StudentMapper mapper = sqlSession.getMapper(StudentMapper.class);
mapper.insertStudent(student);
Int studentId = student.getStudId();
Some databases, such as Oracle can not provide the AUTO_INCREMENT column and we need to use SEQUENCE to form the primary key. We can use the @Selectkey annotation to specify any SQL declaration, and it can be used as the value of the primary key.

@Insert(“INSERT INTO STUDENTS(STUD_ID, NAME, EMAIL, ADDR_ID, PHONE)
VALUES(#{studId},#{name},#{email},#{address.addrId},#{phone})”)
@SelectKey(statement=”SELECT STUD_ID_SEQ.NEXTVAL FROM DUAL”,
keyProperty=”studId”, resultType=int.class, before=true)
Int insertStudent(Student student);
Here we apply @SelectKey to generate the value of the primary key and save it in the attribute of the student’s studId.

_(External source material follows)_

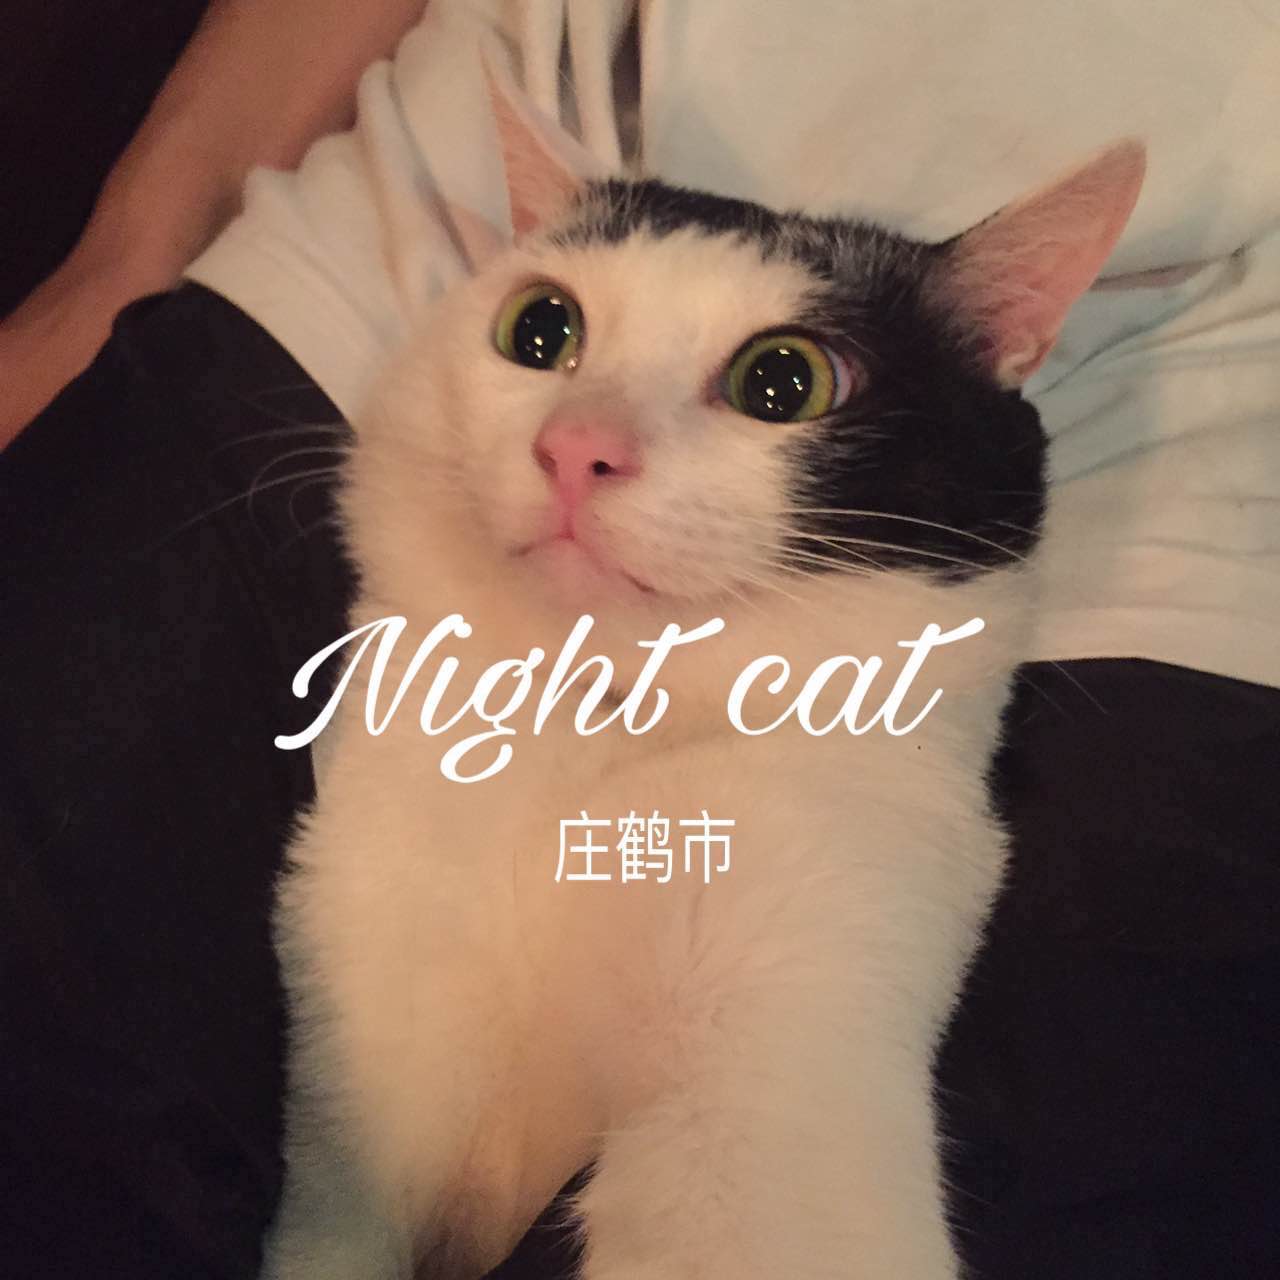 Night cat prod by shang xian sheng

Because we defined before=true, the primary key was already generated when it was inserted.

If you use the trigger of SEQUENCE to generate the primary key, we can get the primary key from sequence_name.currval and then execute the insert statement.

 @Insert(“INSERT INTO STUDENTS(NAME,EMAIL,ADDR_ID, PHONE)
VALUES(#{name},#{email},#{address.addrId},#{phone})”)
@SelectKey(statement=”SELECT STUD_ID_SEQ.CURRVAL FROM DUAL”,
keyProperty=”studId”, resultType=int.class, before=false)
Int insertStudent(Student student);

2.@Update
We can use the @Update annotation to declare an UPDATE.

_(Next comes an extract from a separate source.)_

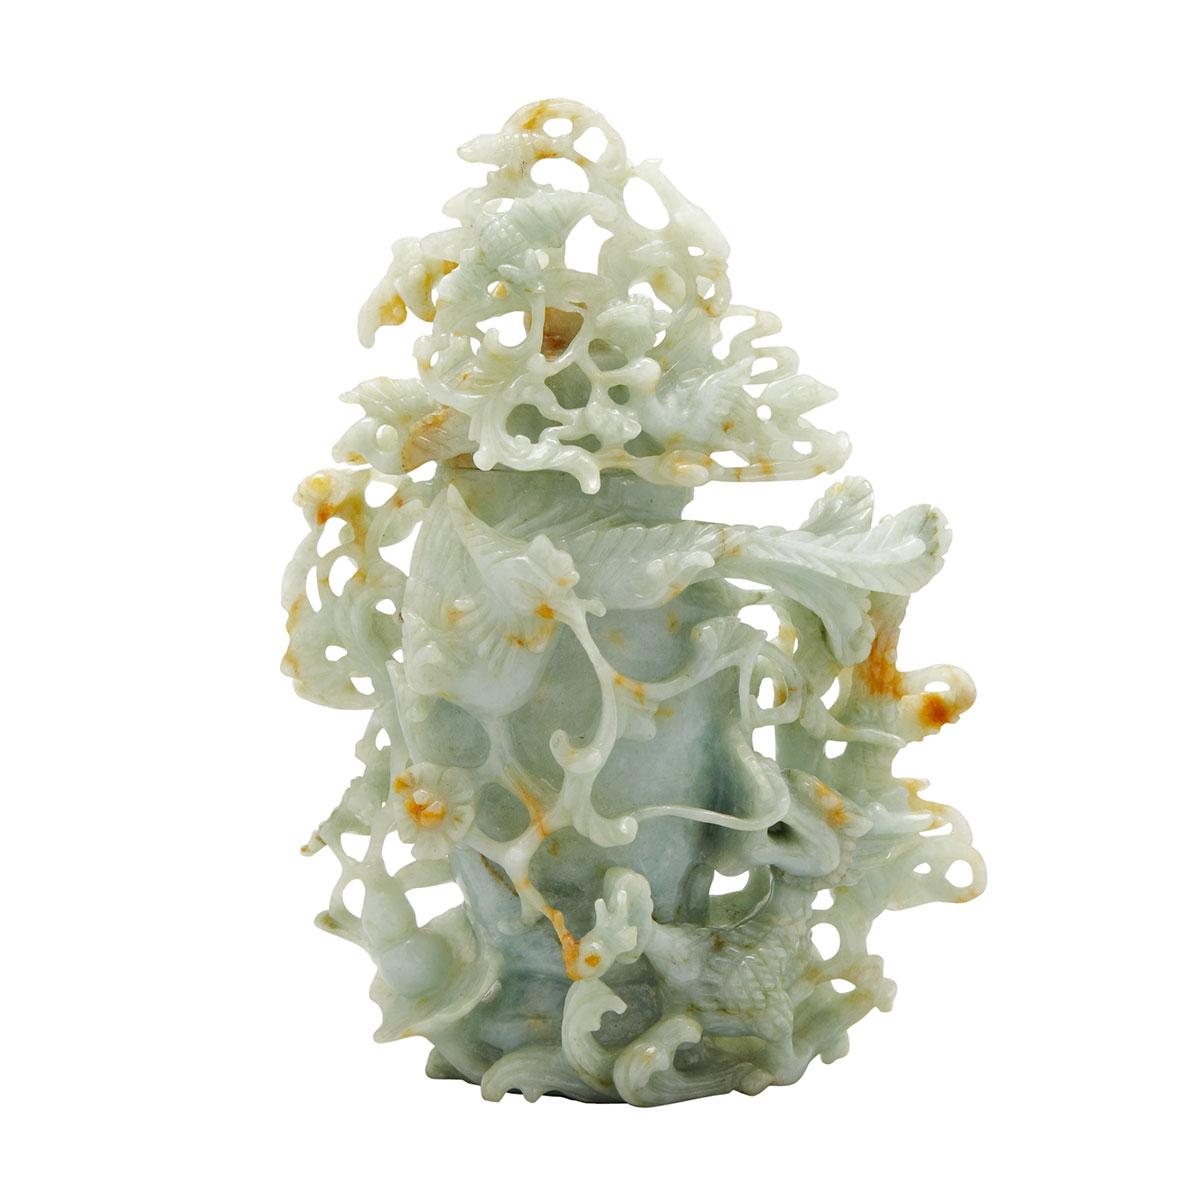 Mottled Celadon Jadeite Dragon Vase

@Update(“UPDATE STUDENTS SET NAME=#{name}, EMAIL=#{email},
PHONE=#{phone} WHERE STUD_ID=#{studId}”)
Int updateStudent(Student student);
In the updateStudent() method, we used the @Update annotation and will return the affected rows.

StudentMapper mapper = sqlSession.getMapper(StudentMapper.class);
Int noOfRowsUpdated = mapper.updateStudent(student);

3.@Delete
We can use @Delete to implement the declaration of DELETE.

@Delete(“DELETE FROM STUDENTS WHERE STUD_ID=#{studId}”)
Int deleteStudent(int studId);
The method of deleteStudent() will return the affected row.

4.@Select
We can use the @Select annotation to implement the SELECT mapping.

 Package com.owen.mybatis.mappers;
Public interface StudentMapper
{
@Select(“SELECT STUD_ID AS STUDID, NAME, EMAIL, PHONE FROM
STUDENTS WHERE STUD_ID=#{studId}”)
Student findStudentById(Integer studId);
}
To match the instance of the Student object, we use studId as an alias for stud_id. How to return a value with multiple rows will report a TooManyResultException error.